Apart from the optimizer, a contributing factor of this poor performance is likely that the QAOA ansatz is not hardware-efficient, i.e. the compiler needs to add SWAP gates for routing. On ibmq_casablanca the compiler embedded the problem on qubits 1-3-4-5-6 (see Fig. 2(b) for the device’s connectivity). In our instance each layer p requires six 2-qubit operations of the form \(e^{-i \theta Z_{i}Z_{j}}\) each requiring 2 CNOTs. For \(p=2\) layers this is a total of 24 CNOTs to implement the unitaries \(U(\gamma _{1}), U(\gamma _{2})\). Routing requires an additional 6 SWAPs, which are implemented with 3 CNOTs each, for a total of 18 CNOTs for routing. In total QAOA required 42 CNOTs. In contrast, the hardware-efficient ansatz Fig. 2(a) for the other VQA can be embedded on a linear chain such as 0-1-3-5-6. This requires no SWAPs and results in a total of 8 CNOTs for our VQE and F-VQE runs. The challenge of scaling QAOA on quantum processors with restricted qubit connectivity was also highlighted in [17] and our results appear to confirm that QAOA running on NISQ hardware requires fine-tuned optimizers even for small-scale instances [23, 24].

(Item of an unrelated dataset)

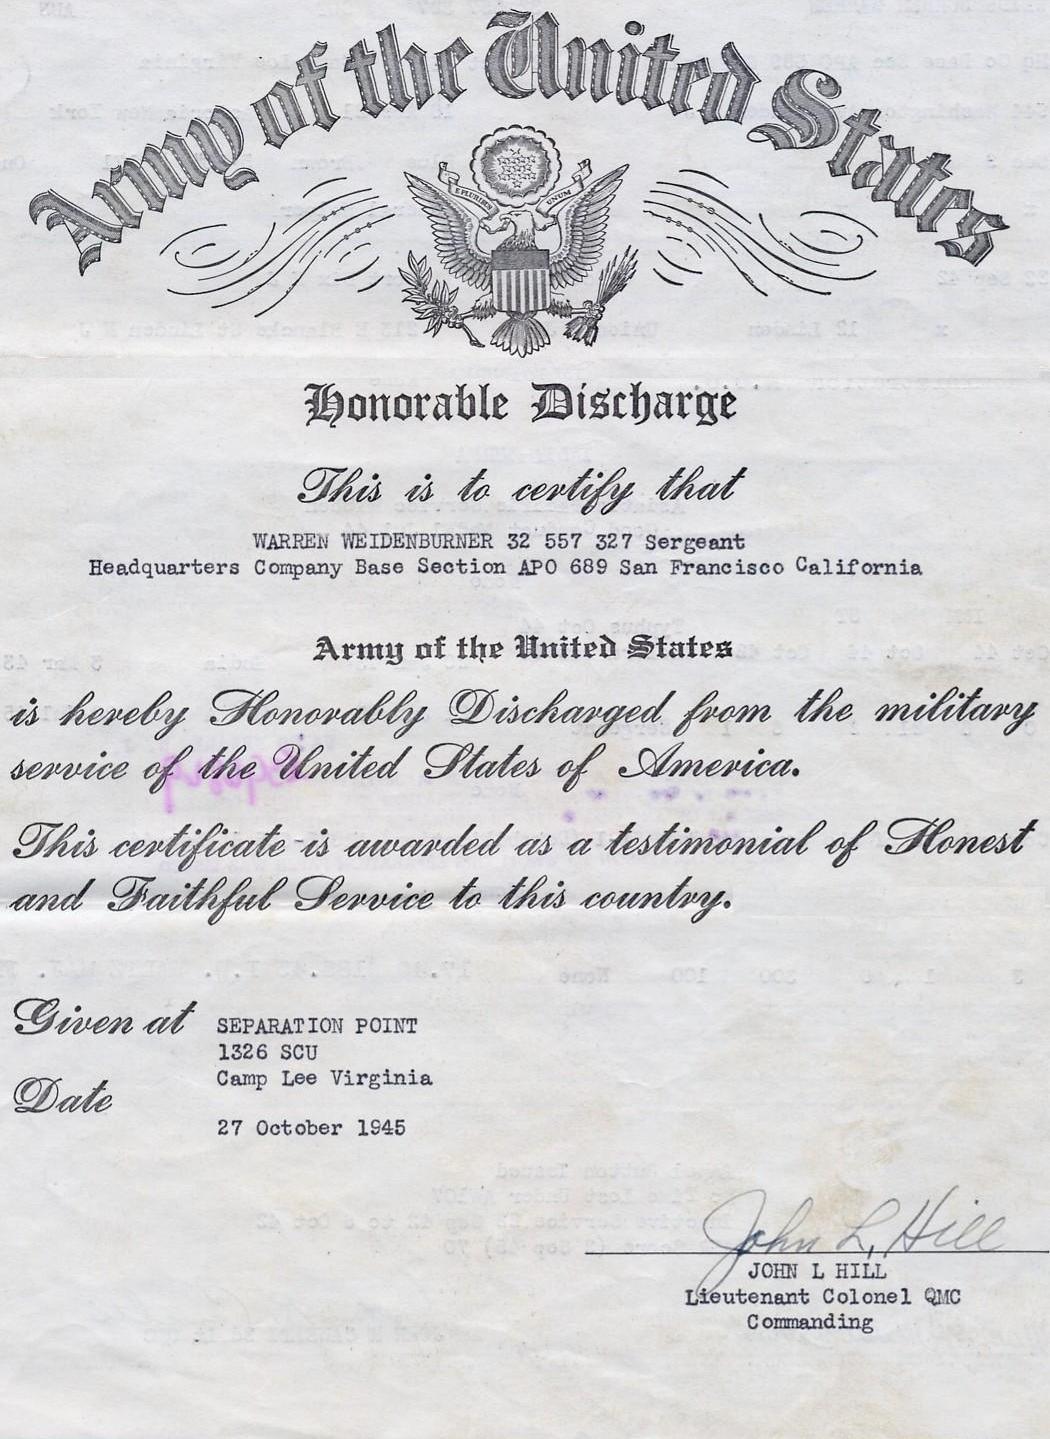  Honorable Discharge

VarQITE converged somehwat more gradually compared to VQE but reached similar final mean energies as VQE. Figure 4(a) shows its performance on different quantum processors with 1000 shots and \(p=2\) layers of the ansatz Fig. 2(a). In contrast to VQE, VarQITE exhibited a higher variance of the final mean energy and ground state frequency across different quantum processors. One of the issues of VarQITE is inversion of the matrix A in Eq. (12), which is estimated from measurement shots. This can lead to unstable evolutions. Compared to QAOA, for our problem instance VarQITE converged much faster and smoother across all quantum processors.

VarQITE and F-VQE scaled energy \(\epsilon _{\psi }\) (top panels) and ground state frequency \(P_{\psi }(\mathrm{gs})\) (bottom panels) for the JSP instance using 5 qubits and 1000 shots on the IBM quantum processors indicated in the legend. The energy was rescaled with the minimum and maximum energy eigenvalues. Error bands are the standard deviation (top panels) and 95% confidence interval (bottom panels) (for clarity, error bands only shown for the solid line)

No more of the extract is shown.